[Opening Working data section]

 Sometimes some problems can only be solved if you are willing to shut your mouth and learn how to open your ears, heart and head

[Closing Working data section]
[Opening Working data section]

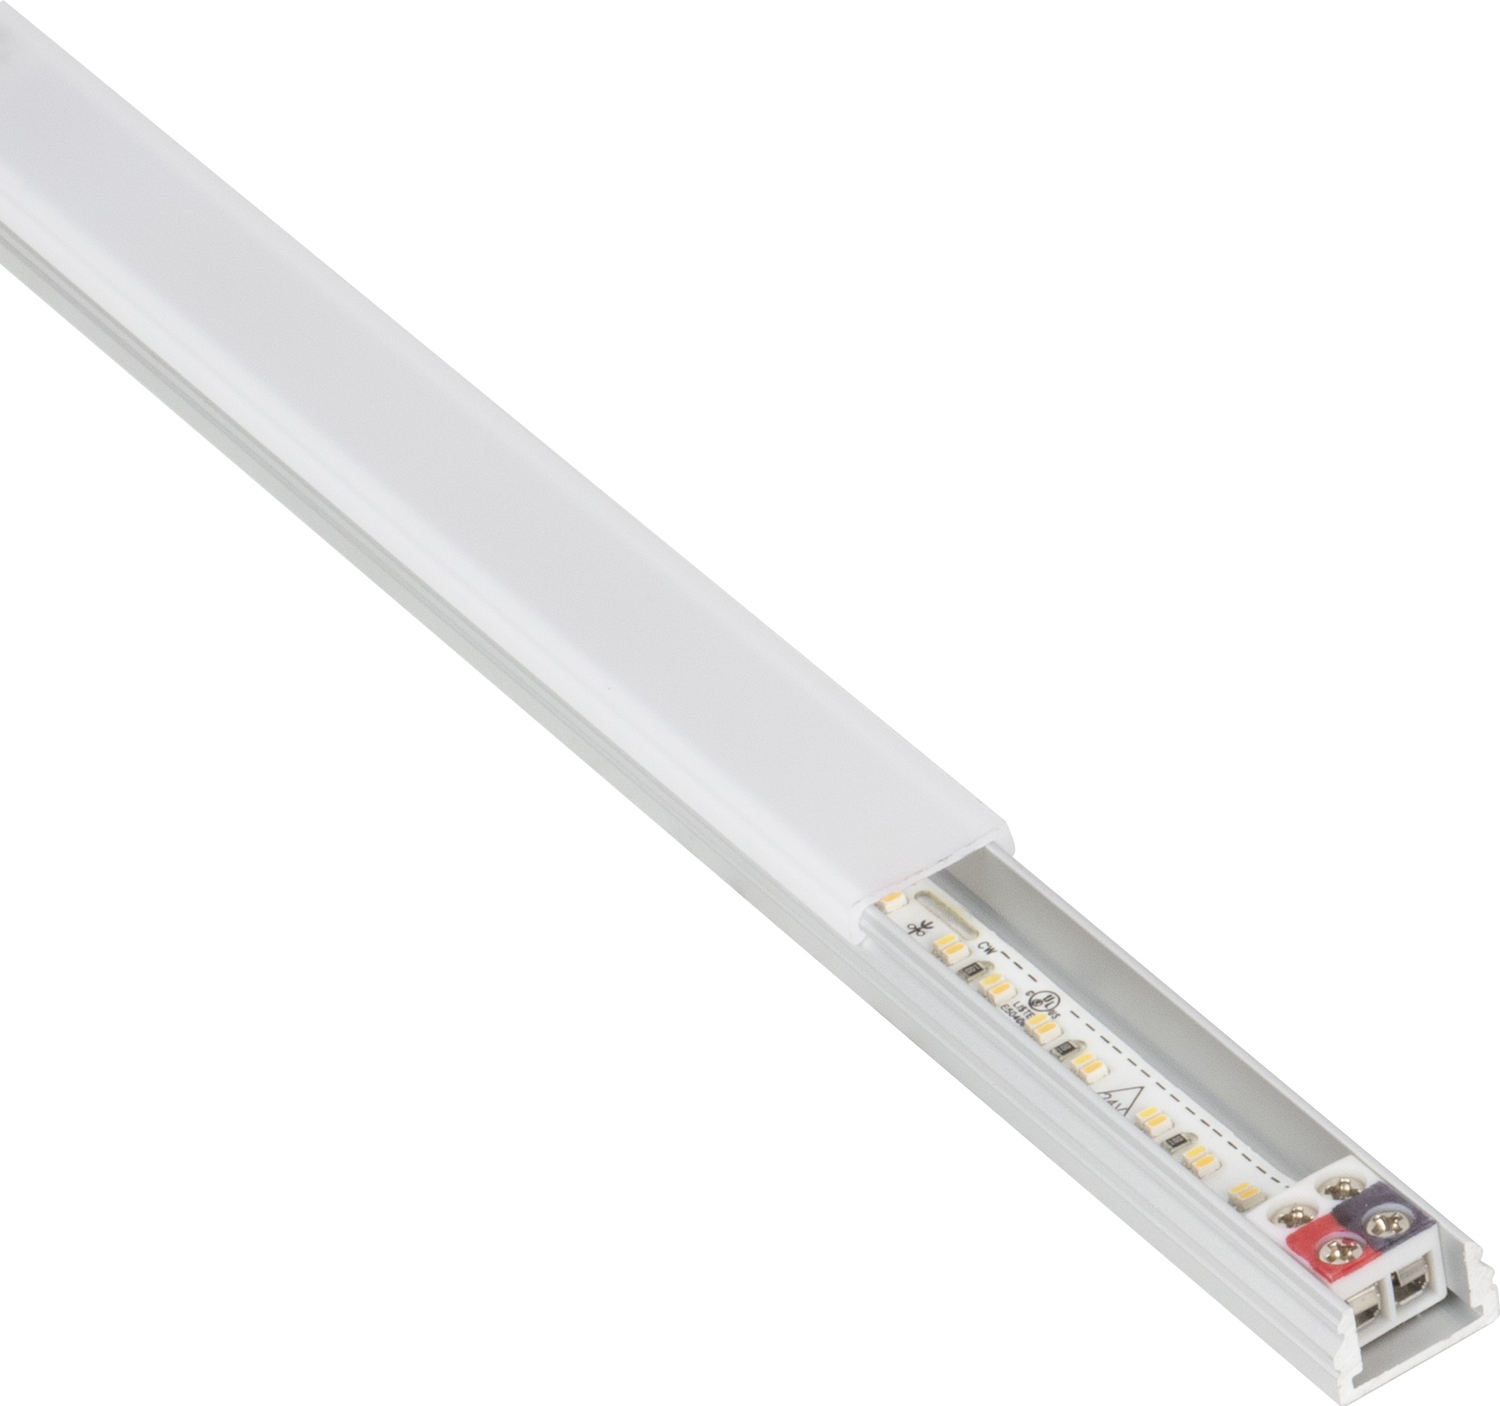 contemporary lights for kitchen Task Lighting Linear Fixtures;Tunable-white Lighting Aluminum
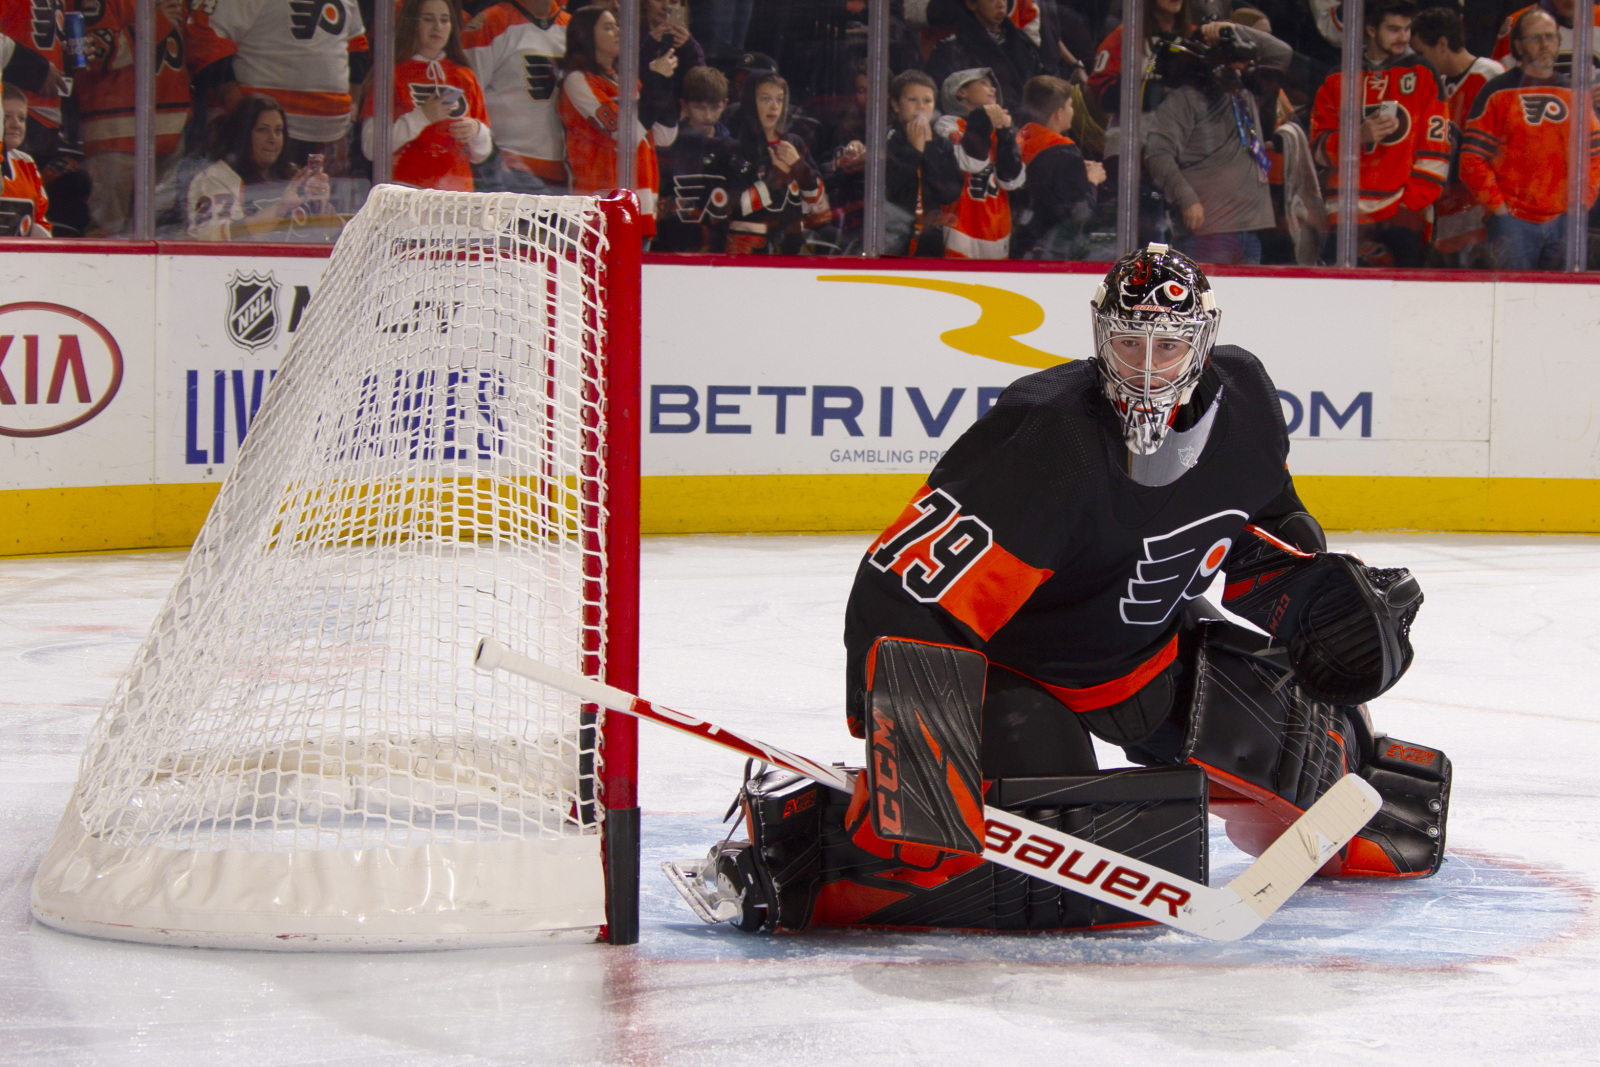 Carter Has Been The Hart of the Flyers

[Closing Working data section]
[Opening Working data section]

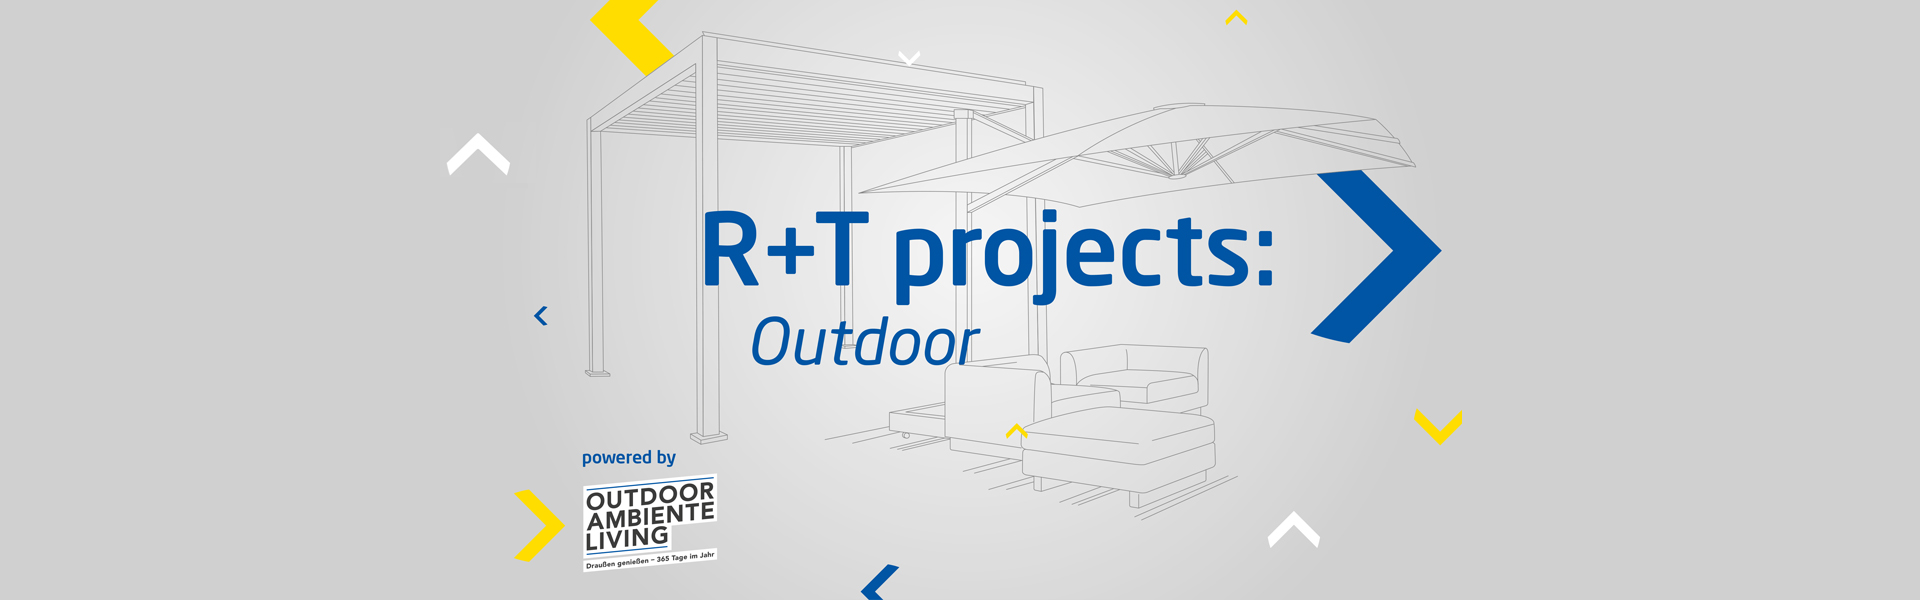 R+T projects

[Closing Working data section]

Task item
Every line above from the one with "contemporary lights for" down to the one with "Carter Has Been The Hart of the Flyers" must be written out exactly, and no picture may appear.

Solution below
 contemporary lights for kitchen Task Lighting Linear Fixtures;Tunable-white Lighting Aluminum
 Carter Has Been The Hart of the Flyers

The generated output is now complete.